彼を知っていた。忘れていた記憶の底に、彼はいた。
一緒に遊んだ、海の記憶。一夏だけの、大切な思い出。

「お兄、ちゃん……」
「それにしても、随分と酷いことをする。この子は何も知らなかったのに。無知すら罪だとするなんて……なんて傲慢なんだろうか」

彼が悲しく笑う。
繋いでいた黒に染まった手を、慈しむように撫でられた。

「苦しかったね。でも、もう大丈夫だ」

彼が触れる黒が色をなくしていく。反対の手も取り黒をなくして、彼はまた手を繋いだ。

「行こうか」

そう言われて首を傾げた。
家に帰るのだろうか。そう思い辺りを見渡して、いつの間にか知らない場所を歩いていたことに気づく。
困惑して彼を見れば、優しく頭を撫でてからある一点を指差した。

「――お城?」
「約束したからね」

白い道の先に、黒の城が建っていた。陽炎のように揺らぐ城は、いつか二人で作った砂の城によく似ていた。

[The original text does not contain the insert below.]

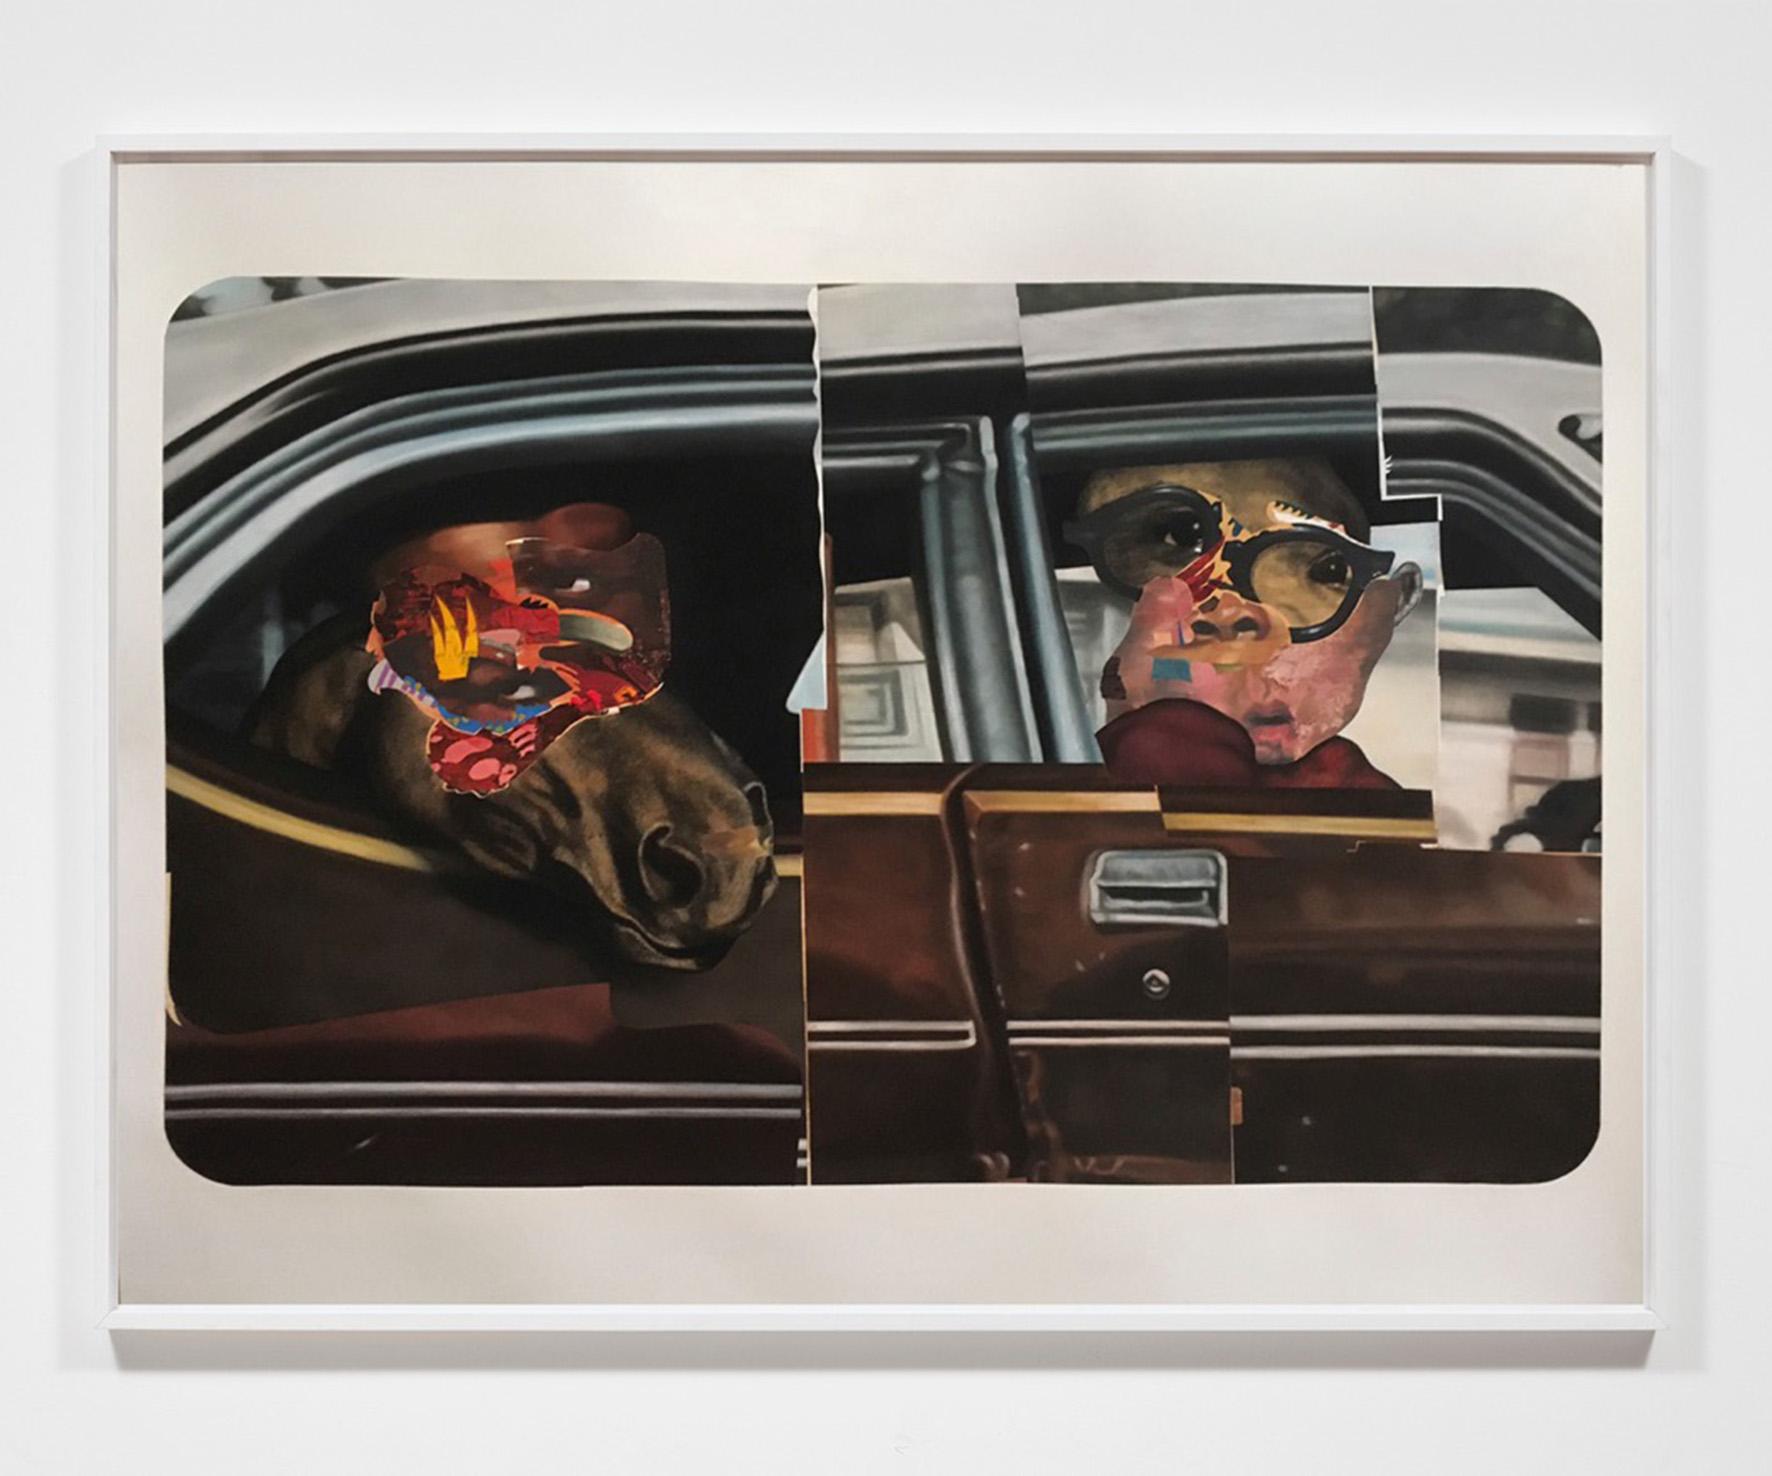 N.M. Quinn, 'St. Marks, Terry', 2016, dipinto a tecnica mista, in esposizione alla Luce Gallery di Torino © aut./LuceGallery

「あの擬きが馬鹿なことをしなければ、もっと時間をかけて作ってあげられたのだけど。足りない所は、二人で作っていこうか」
「作る?……ここに、一緒に住むの?」

問いかければ、彼は頷いて歩き出す。

「そう。人として終を迎えたら、一緒にいるって約束を交わしたから」

そういえばと、掠れた記憶を思い出した。
指切りをしたのだ。海を統べる兄と慕った彼と、遠い未来の約束を。
離れたくないと駄々をこねた自分に、僅かでも覚えていたのならと条件をつけて、優しい彼は約束をくれたのだ。
思い出して、笑みが浮かぶ。

「――ようやく、死ねたんだ」

呟いた言葉は、自分でも驚くほどに穏やかだ。

「報復を望むかい?人間に作られた存在でありながら、祟りを引き起こしたその愚行……巻き込まれた君には、裁く権利がある」

彼の言葉に首を振る。
これ以上、関わりたくはない。
どんな形であれ、縁《えにし》を結びたくなかった。

「忘れてしまいたいからいい。ただ、一緒にいてほしい」
「そうか。なら一緒にいよう。これからずっと……どちらにせよ、あれは朽ちる先しかない」

繋ぐ手に、力が籠もる。

「会いに来てくれて、ありがとう」
「どういたしまして。こちらこそ、書いてくれてありがとう。波がさらった手紙は、ちゃんと届いたよ」

微笑んでこちらを見る彼に、笑みを返す。

心は酷く穏やかだ。
苦痛に苛まれながら、一人置いて行かれた寂しさに耐える日々は終わったのだから。